Florian Haller, director de Serviceplan Group, ha lanzado una advertencia que debería hacer temblar los despachos directivos: el marketing ya no es un adorno superficial, sino el motor que gestiona todo el recorrido del cliente. Hoy combina datos, tecnología y creatividad para decidir qué ves, cuándo lo ves y por qué lo compras. El problema es que muchos directivos aún creen que es cosa de hacer anuncios bonitos. Para el ciudadano de a pie, esto significa que cada clic, cada búsqueda y cada like son parte de un engranaje diseñado para influir en sus decisiones. La conclusión es clara: el marketing evolucionó y ahora es el puente entre la empresa y el consumidor.
Datos y algoritmos: el nuevo backstage de la persuasión 🧠
Detrás de cualquier campaña actual hay un ecosistema de plataformas de datos (CDP), modelos predictivos y automatización que segmentan audiencias en tiempo real. La tecnología permite rastrear desde una visita a una web hasta una pausa de tres segundos en un vídeo. Con esa información, los sistemas ajustan mensajes, canales y presupuestos al instante. La creatividad ya no es un salto al vacío, sino una variable controlada por indicadores de rendimiento. Esto exige que los equipos de marketing dominen tanto el análisis estadístico como la narrativa. Quien no se adapte a este cruce entre código y storytelling quedará fuera del tablero.

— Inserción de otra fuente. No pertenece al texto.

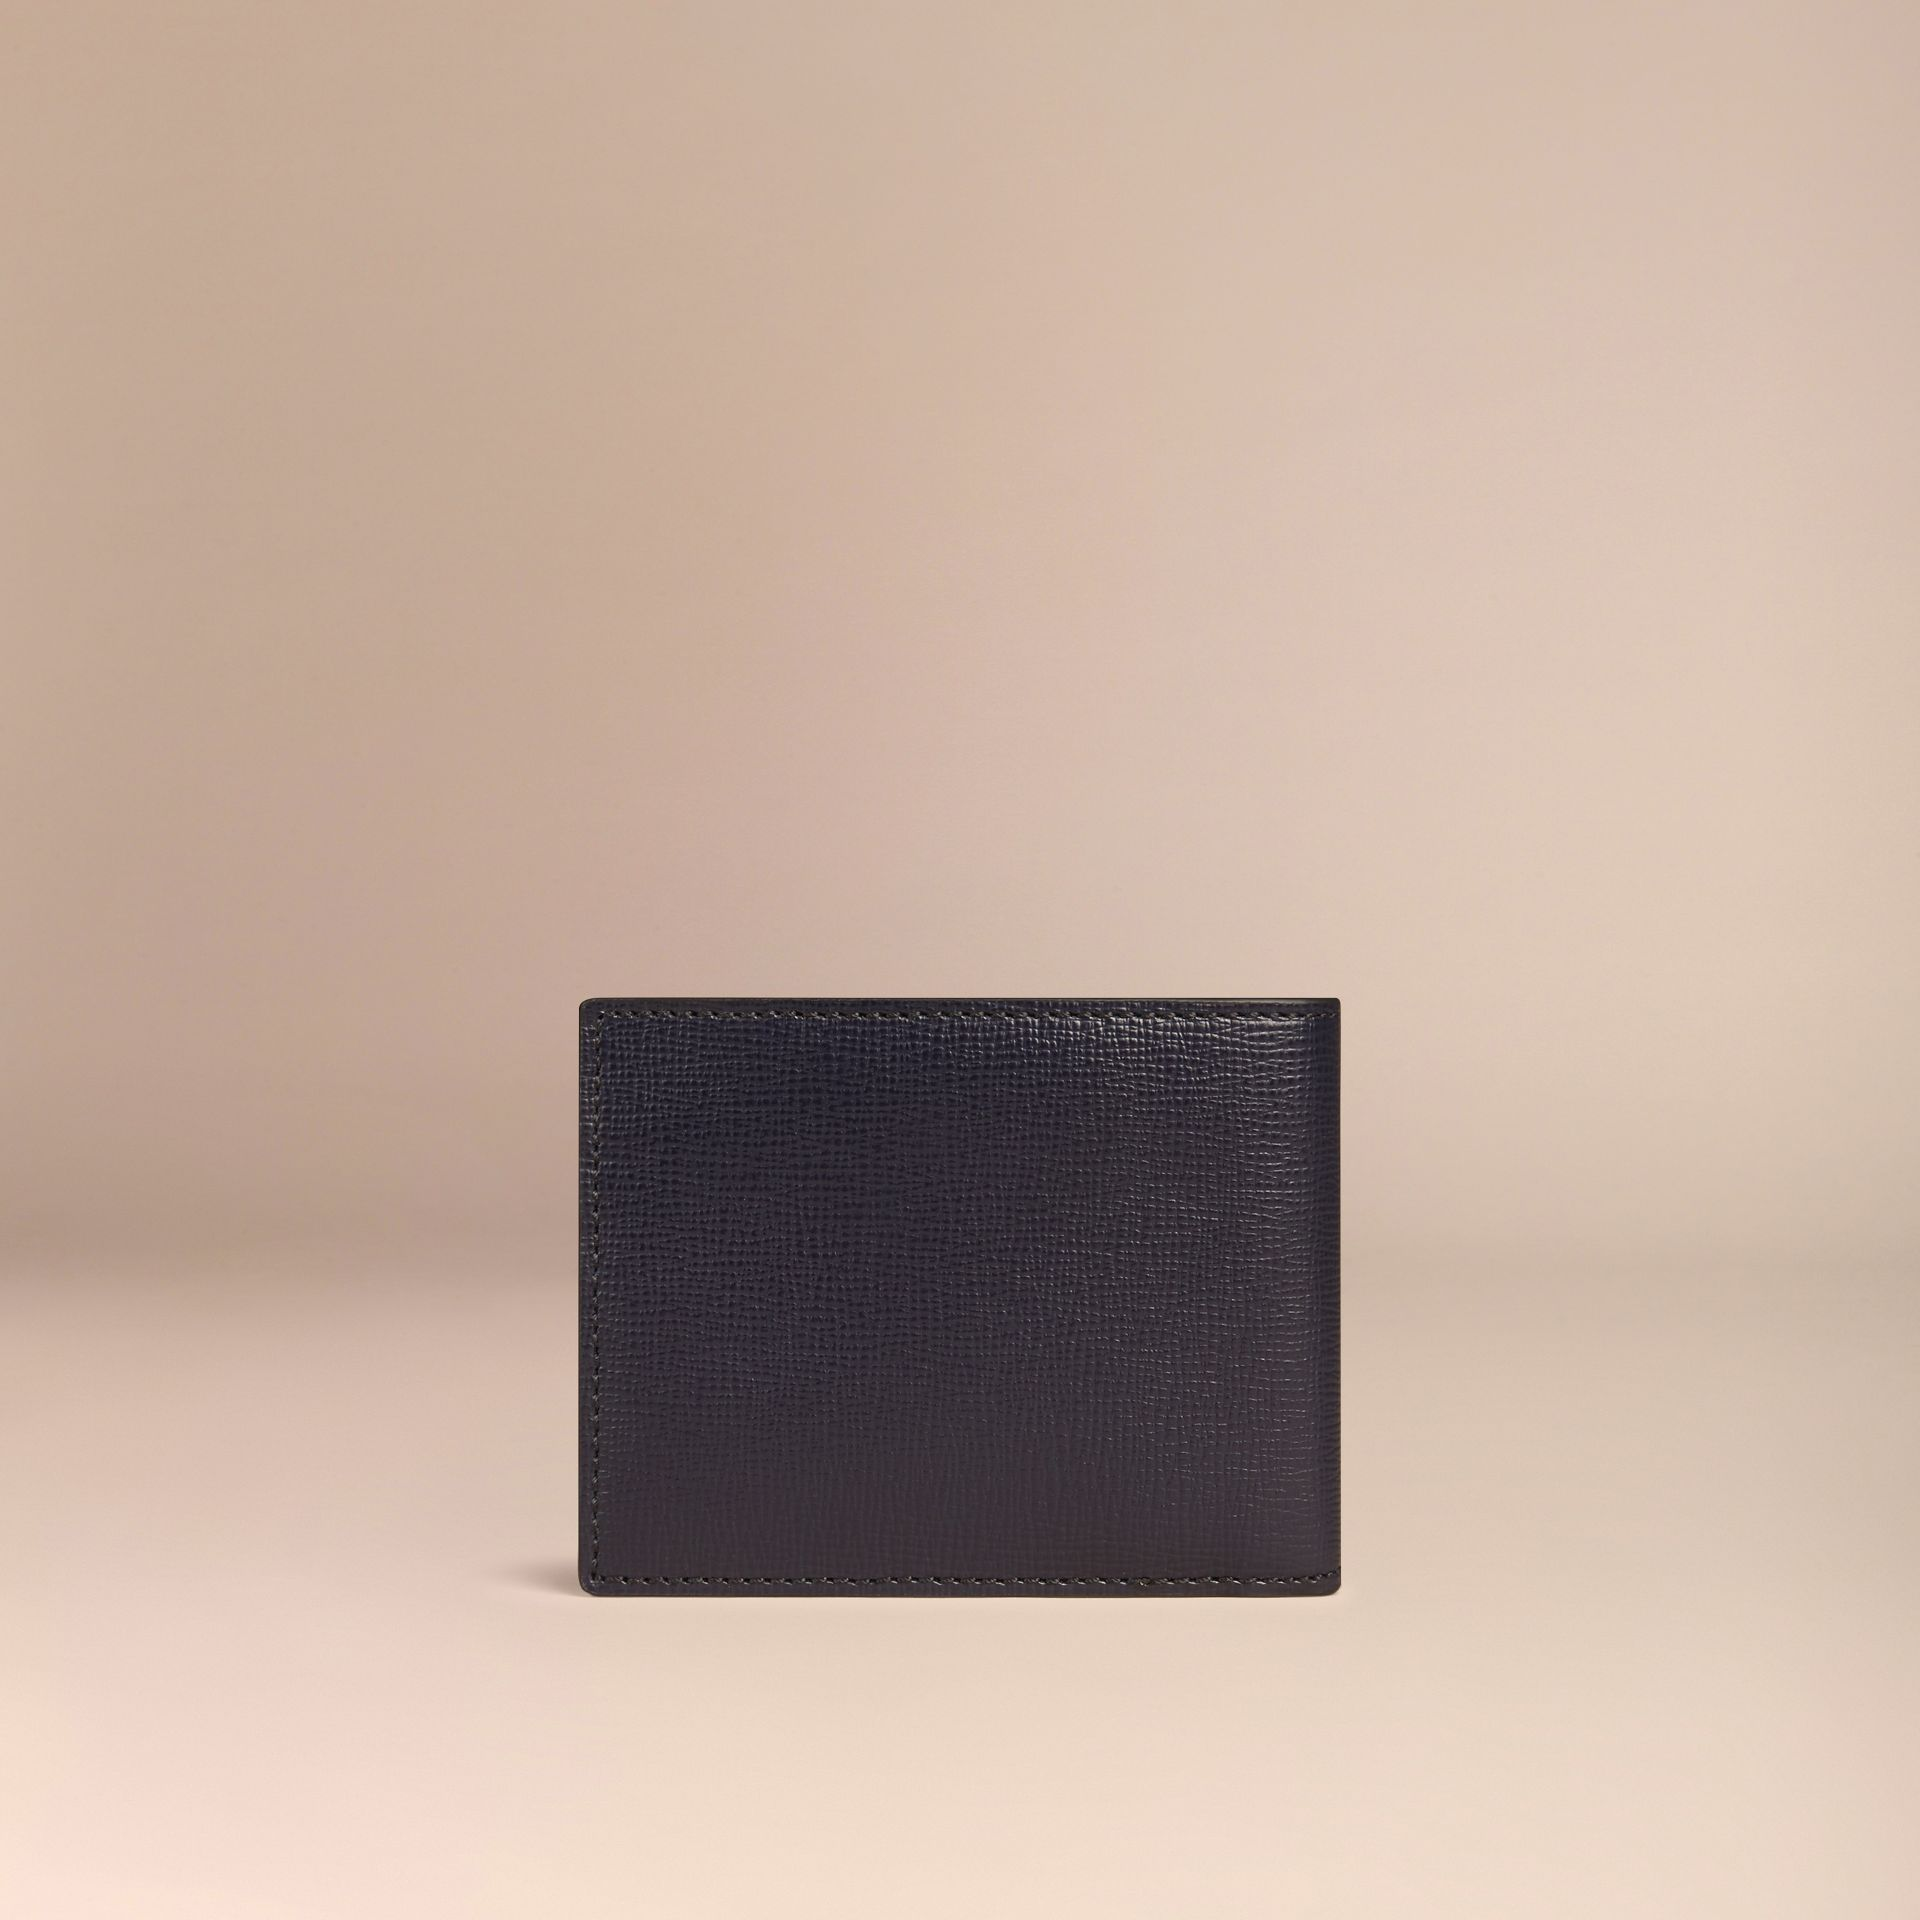 Dark navy London Leather Folding Wallet Dark Navy - gallery image 3

Su jefe aún cree que marketing es hacer el café ☕
Mientras el marketing orquesta una sinfonía de datos, creatividad y tecnología, en muchas empresas el director general sigue preguntando si el logo se ve bien en azul o si el eslogan cabe en una taza. La realidad es que el marketing moderno es más complejo que cuadrar un presupuesto de producción, pero explicárselo a ciertos directivos es como intentar enseñar cálculo cuántico a un perro. Eso sí, cuando las ventas caen, siempre es culpa del departamento de marketing. Menos mal que ellos ya saben cómo medir, segmentar y convencer. Aunque, por si acaso, mejor tener la cafetera lista.